The content of this book not only shed more light on the dreadful events during railway construction but also the unhygienic living conditions, food shortage, serious illnesses and brutal treatment of Asian workers by the captors that led to the daily deaths of workers in almost all the 70 odd camps and work sites. The information on events that transpired more than seven decades ago will certainly create greater interest, better understanding and awareness among the present generation, especially the next-of-kin of victims and those with ingrained passion for history to appreciate the relentless contribution and sacrifice by the unsung heroes who deserve to be revered in the annals of history.
Little is known among the newer generation of the suffering of the previous generations during the Japanese occupation of Malaya from 1941 to 1945. Focusing on the appalling conditions experienced by the survivors who were brought to work on the hellish Siam-Burma railway construction, infamously known as the Death Railway, Sasidaran has investigated and brought to the fore the long-term effects of the event on their socioeconomic status and psychological state. As a historian, what especially attracts me is the oral history technique employed, predominantly through interviews with some of the survivors involved with the Japanese occupiers during the railway construction. Admittedly, oral history is a little-used historical methodology that has increasingly become dormant, if not forgotten, in Malaysian history writing in recent years. The author’s attempt to utilize it in this work is, therefore, commendable.
The author’s primary purpose in taking up this work of historical value is mainly driven by his desire to instill awareness among the public of the unfortunate situation into which Asian laborers, particularly from Malaya, were dragged by the Japanese Imperialists.

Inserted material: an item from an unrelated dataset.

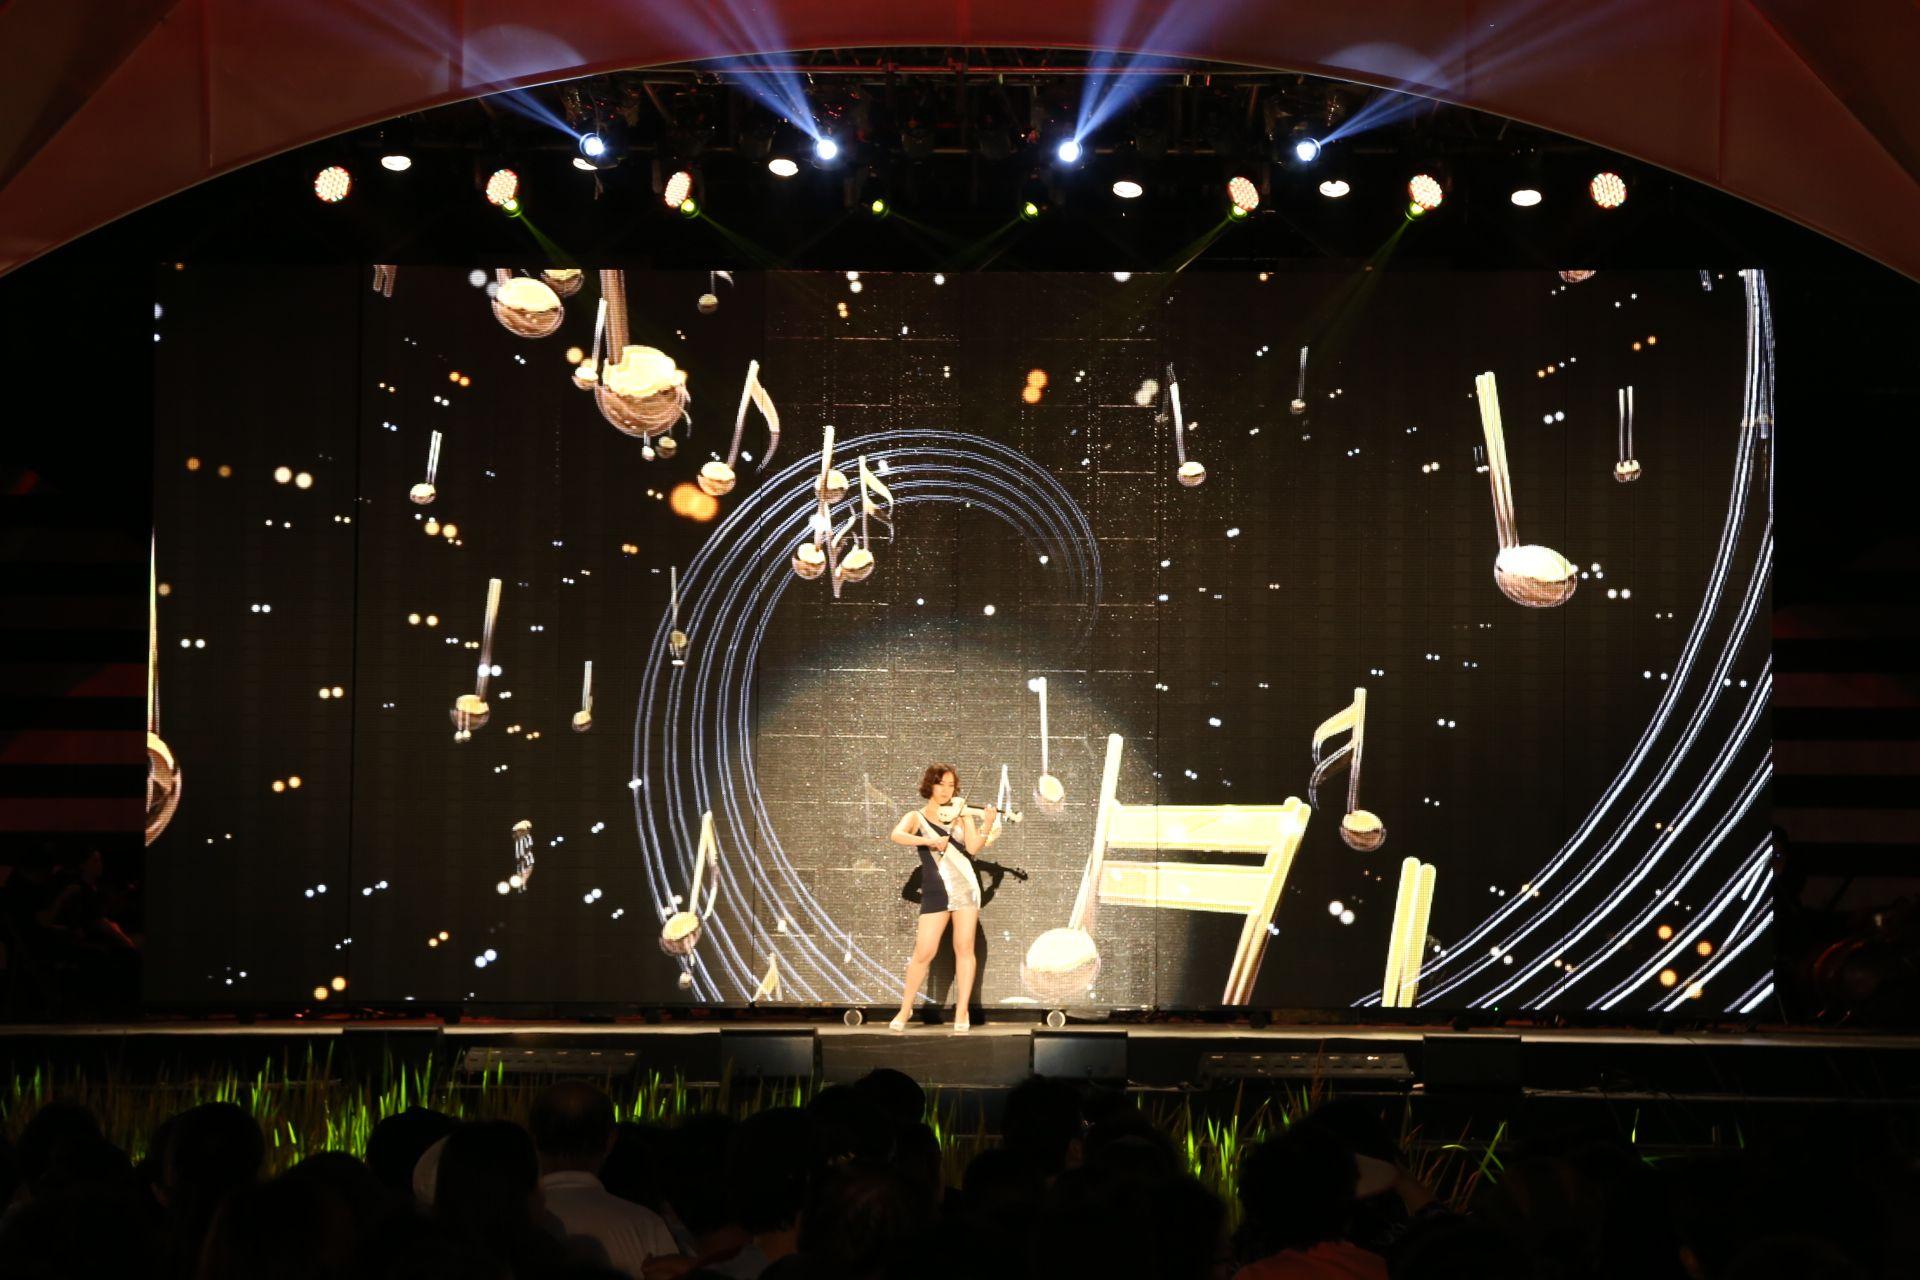 DMZ 평화콘서트 -김수정 메조소프라노(DMZ Peace Concert - Kim soojung mezzo-soprano)출연  2014년 8월15일 광복절에 임진각 평화누리 음악의 언덕에서 한국입양어린이 합창단장이신 메조소프라노 김수정님과 한국입양어린이합창단이 출연. .. 또한 제가 잘아는 쟈스민도 출연하고요,,,그 오페라 신데렐라 - 메조소프라노 김수정(Opera La Cenerentola-MezzoSprano Kim Soo-Jung) http://www.youtube.com/watch?v=F2weY1OLvh8   전자바이올린의 자스민님^ http://www.youtube.com/watch?v=nSQ0DG4x_tM  장소 임진각 평화누리 음악의 언덕 http://en.ggtour.or.kr/?lang=manual   free app. sasang diagnosis program. http://www.iwooridul.com/app-update

The enormity of the Thai-Burma railway project made it necessary for the Imperial army to forcibly conscript a huge workforce for the construction, consisting of some 62,000 prisoners of war (POWs) and more than 200,000 Asian civilians from Thailand, Burma, Malaya, French Indochina, and the Indonesian archipelago. The construction brought much pain and suffering to both the POWs and the civilians.
The death toll was incredibly high, estimated to be in the tens of thousands. Even so, there has been little acknowledgment given to the Asians, especially those from Malaya, although they formed a great proportion of the workforce. Many died as a result of strenuous labor, malnutrition, and ill-treatment by the Japanese, as the author reminds us of the survivors’ narration of these disturbing facts. He has also been able to capture their plight through first-hand accounts gathered from interviews. The author’s work is, in this regard, a tribute to their painful sacrifice and a remembrance of their tragic past. Readers would be moved by the stories contained in this work.
The author’s emotional connection to the subject is visible throughout the book. The reason is that the author was old enough to witness the coming of the Japanese to the country and the subsequent forcible labor conscription. He also witnessed his own father being recruited for the Death Railway construction and the saddening condition of his father upon his return to the country. All these have made it not merely task but also a responsibility on his part to call attention to the horrific episode of the railway construction and unspeakable torture the survivors suffered.